DATA EXCERPT below:
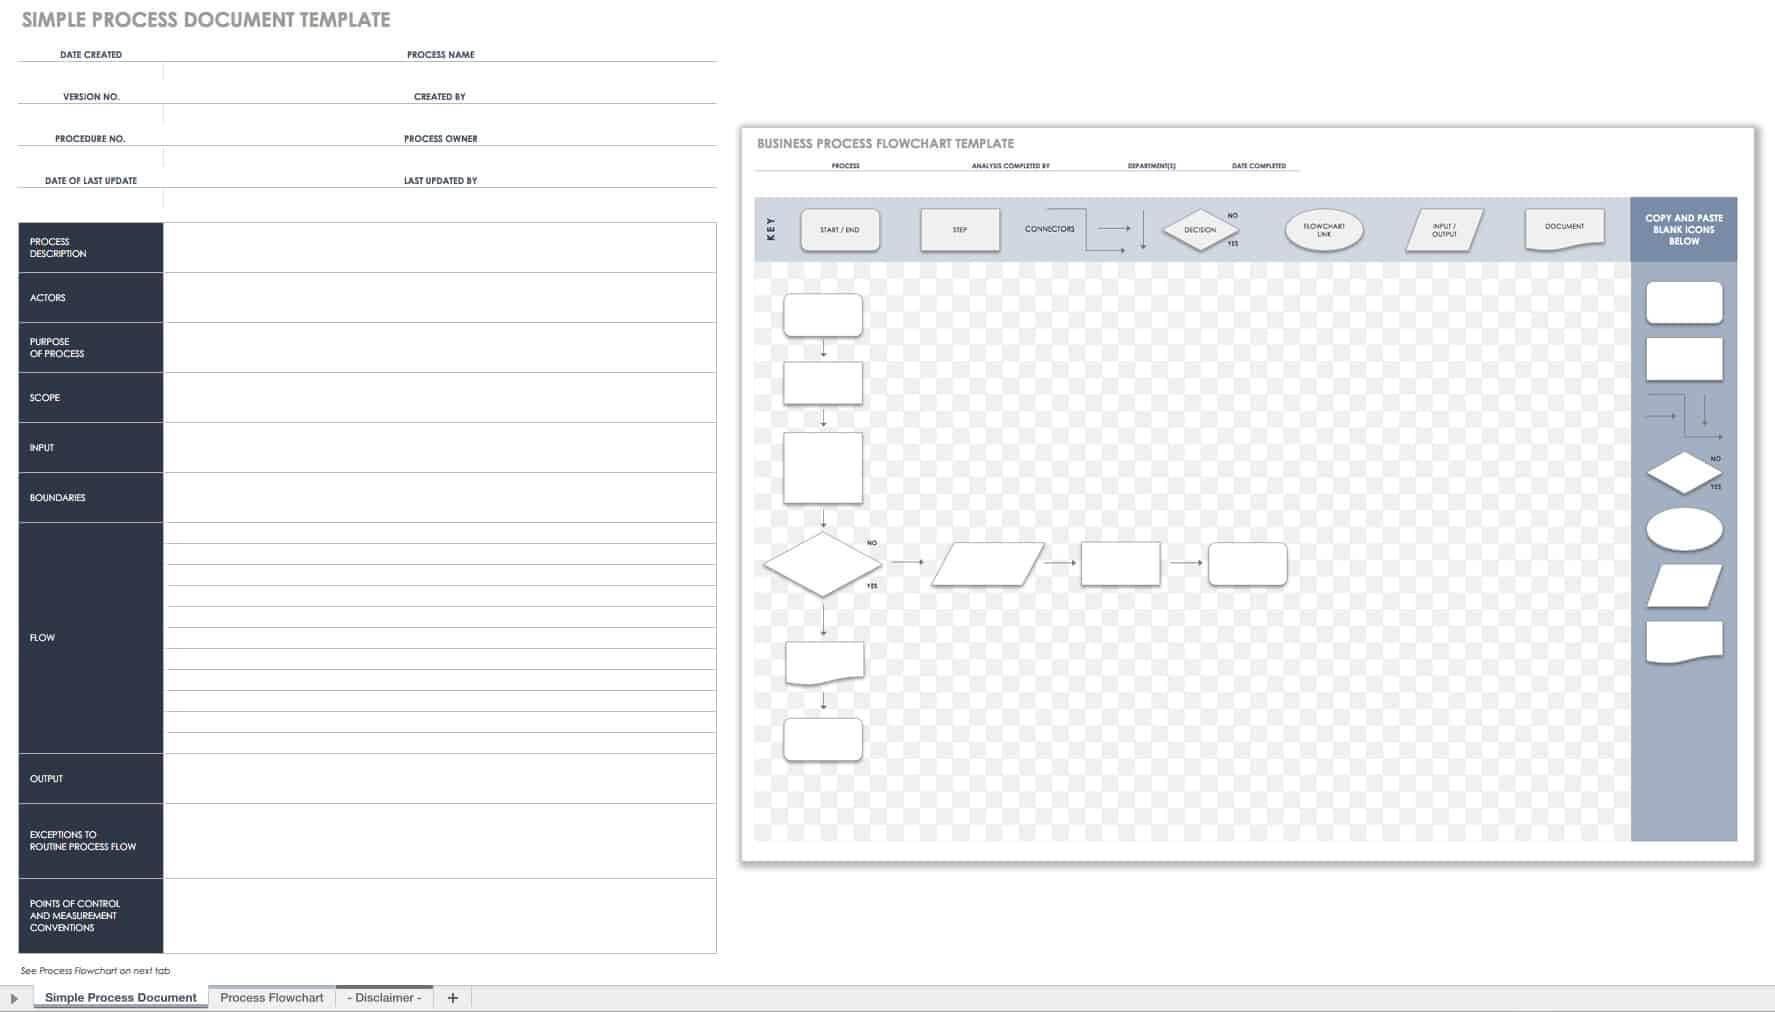 Free Process Document Templates | Smartsheet Within Business Process Documentation Template
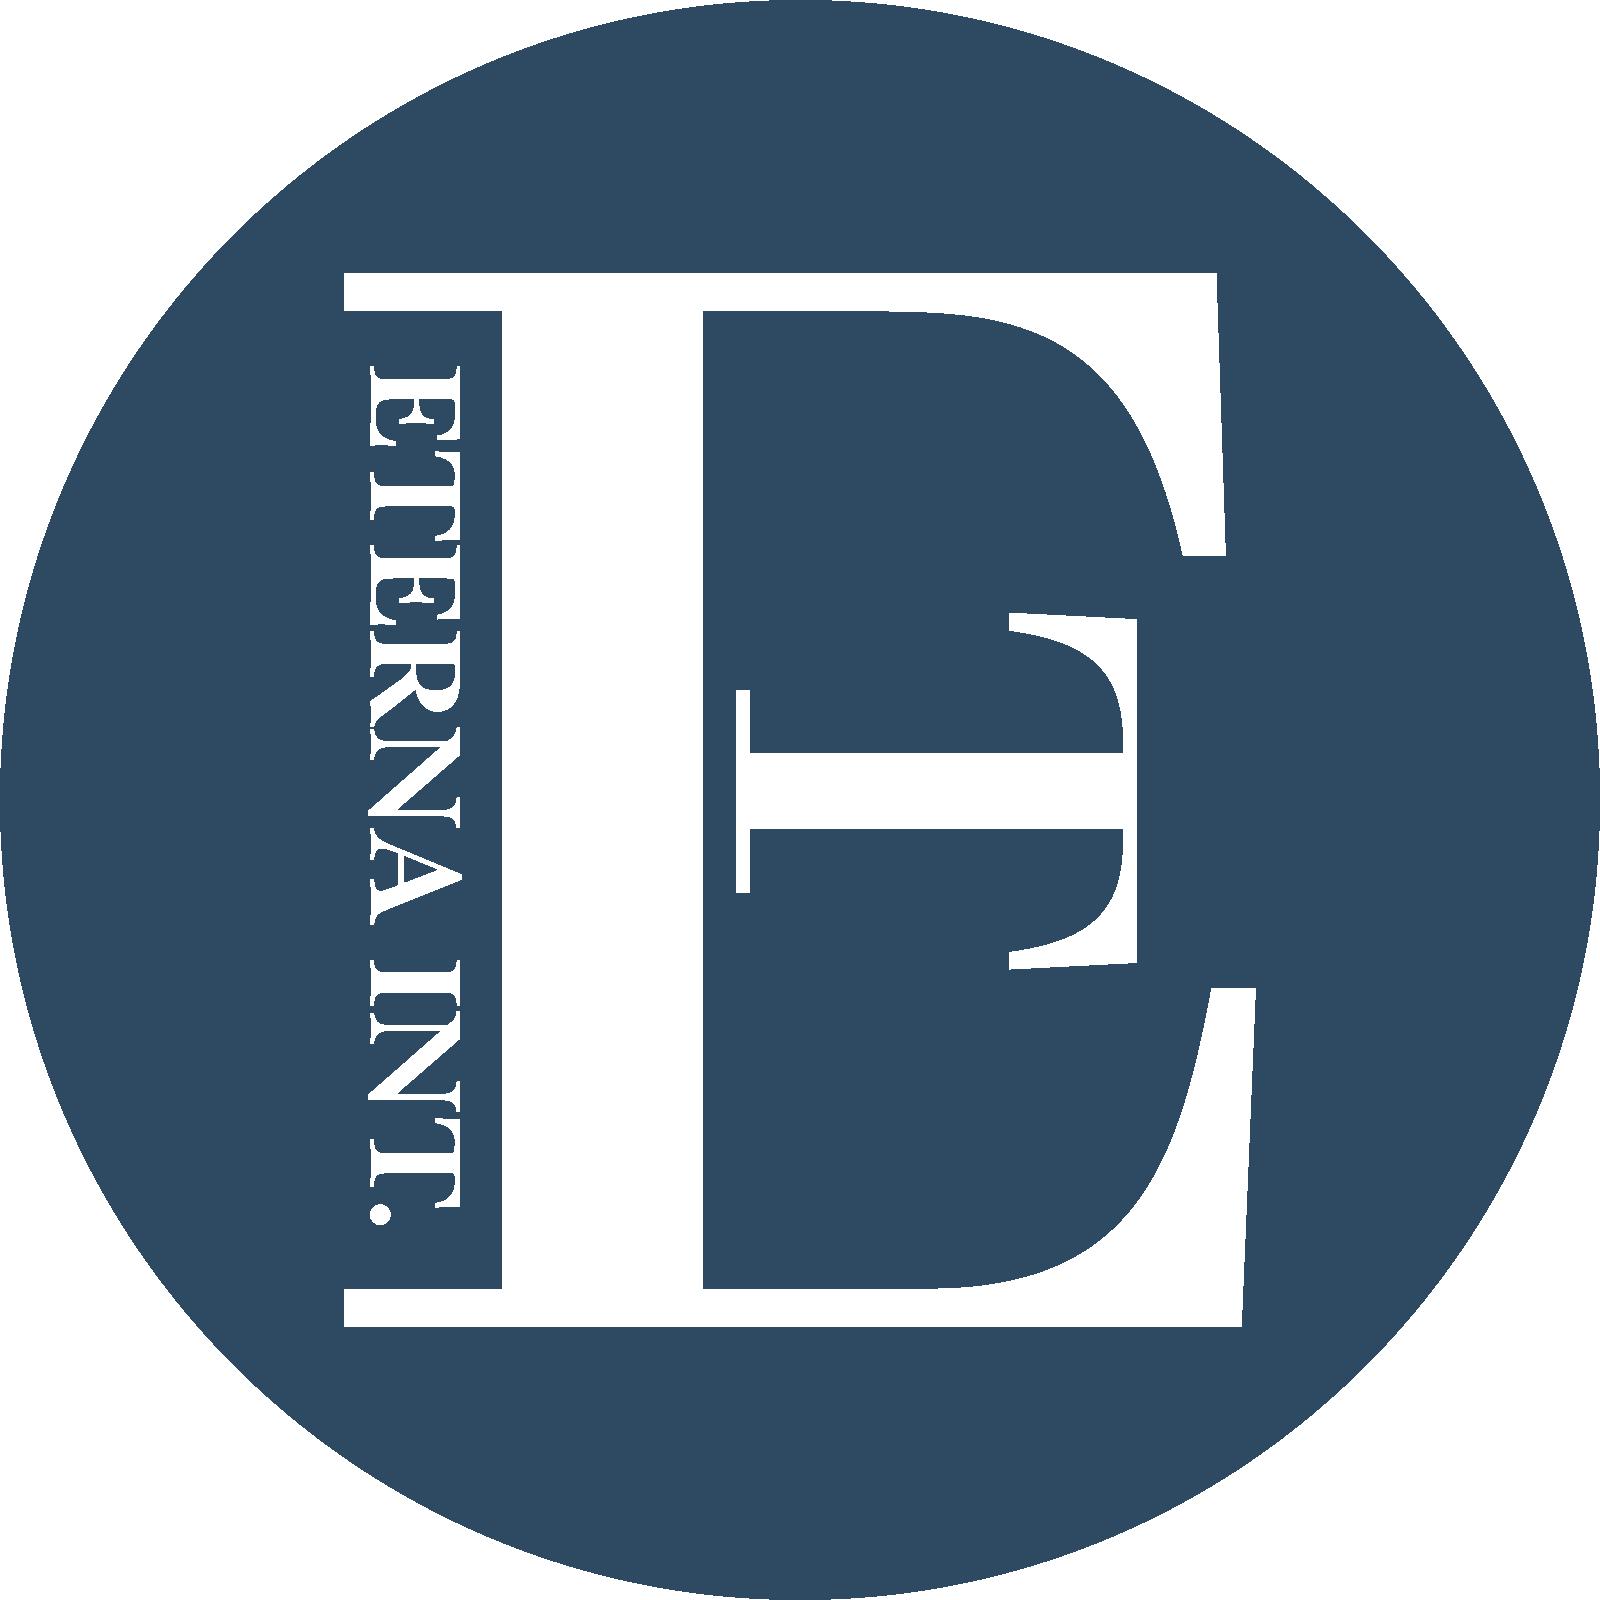 Eterna International HK Limited - Partenaire de Magog Technopole
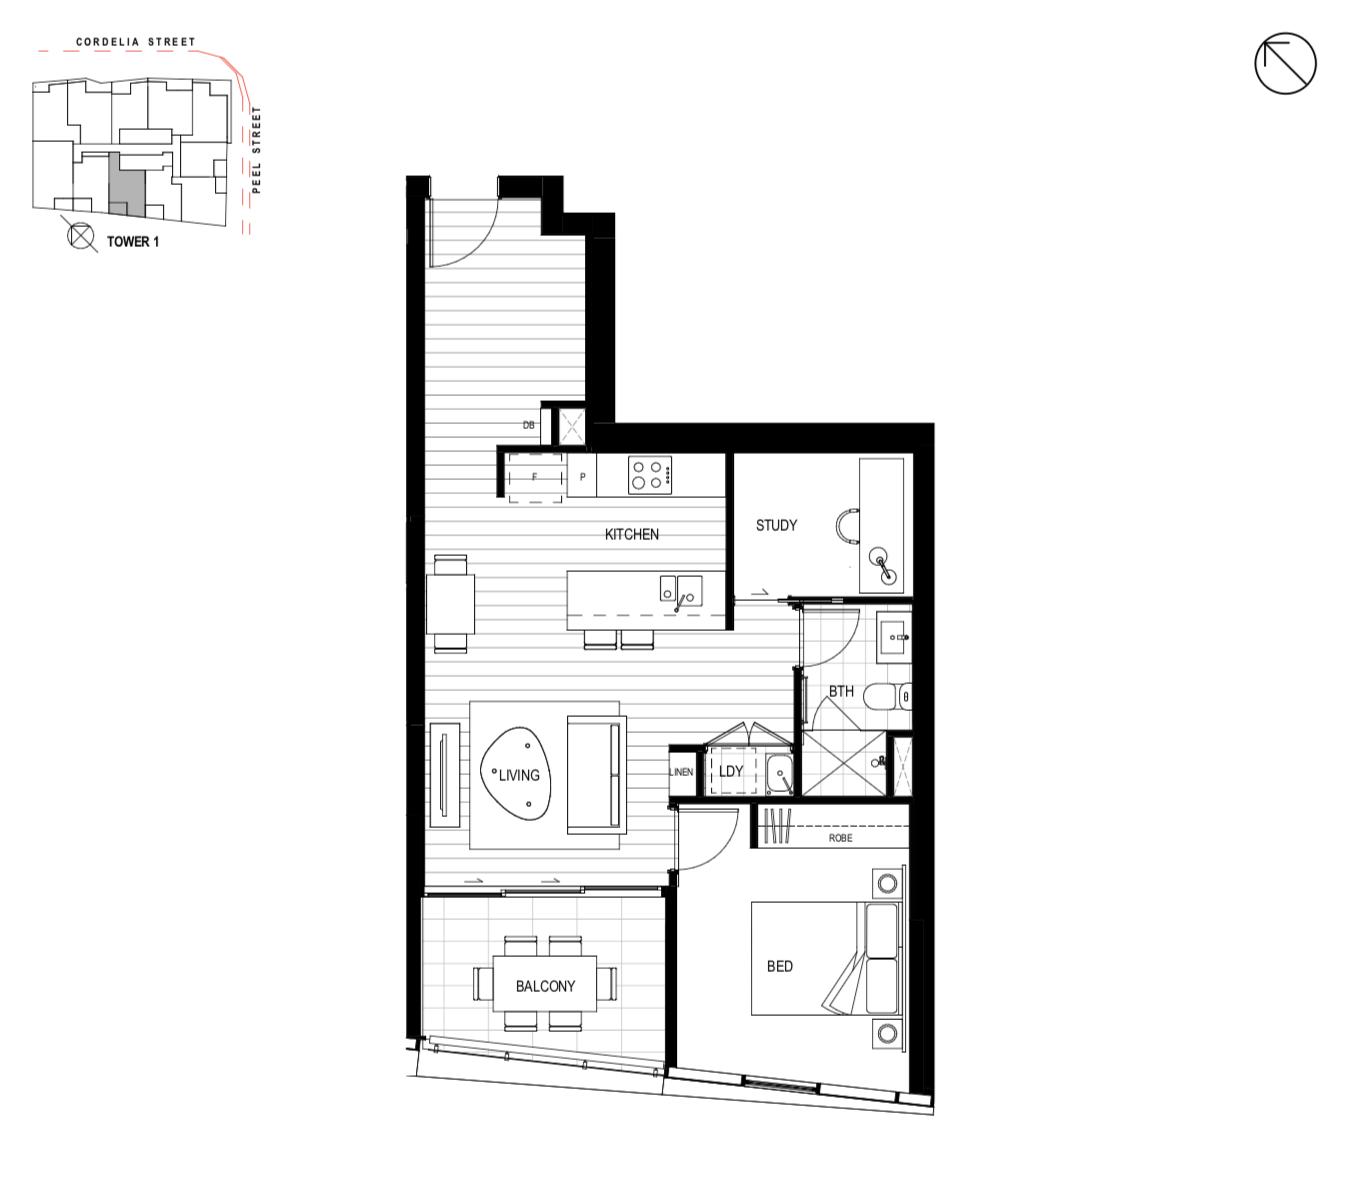 Tower 1 Unit 2301 - 1 Bedroom
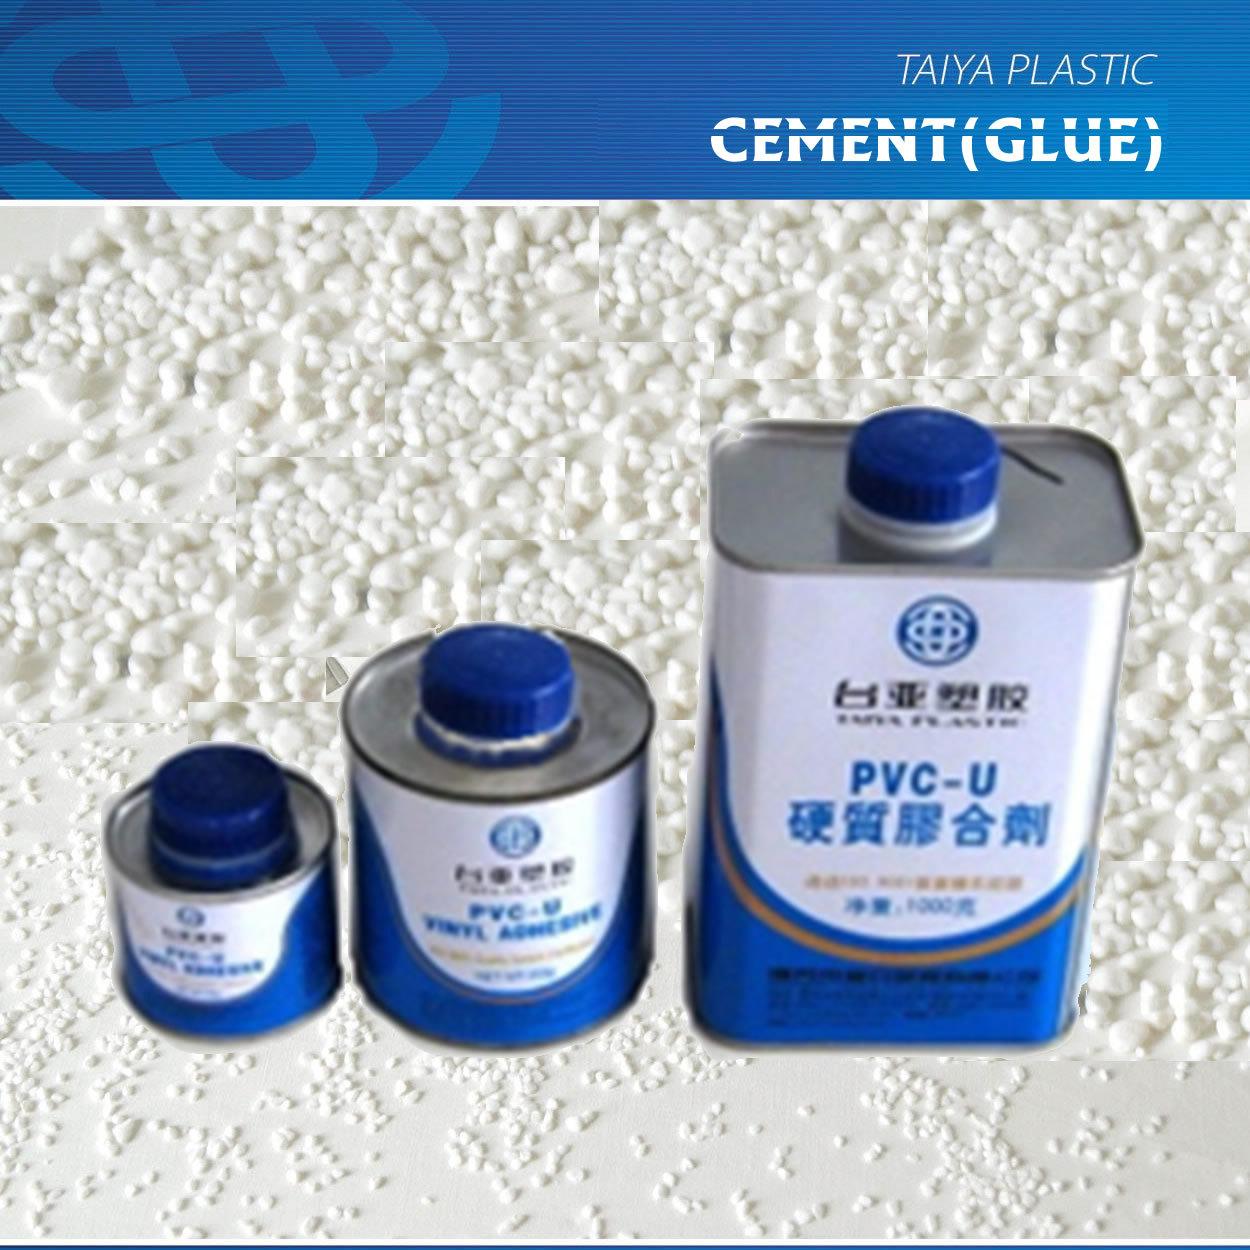 Pvc Solvent Cement : China pvc solvent cement glue
End of DATA EXCERPT.
== WHAT THE TASK ASKS ==
Every line above should be returned exactly; the pictures stay out.

== SOLUTION FOR THIS PROBLEM ==
 Free Process Document Templates | Smartsheet Within Business Process Documentation Template
 Eterna International HK Limited - Partenaire de Magog Technopole
 Tower 1 Unit 2301 - 1 Bedroom
 Pvc Solvent Cement : China pvc solvent cement glue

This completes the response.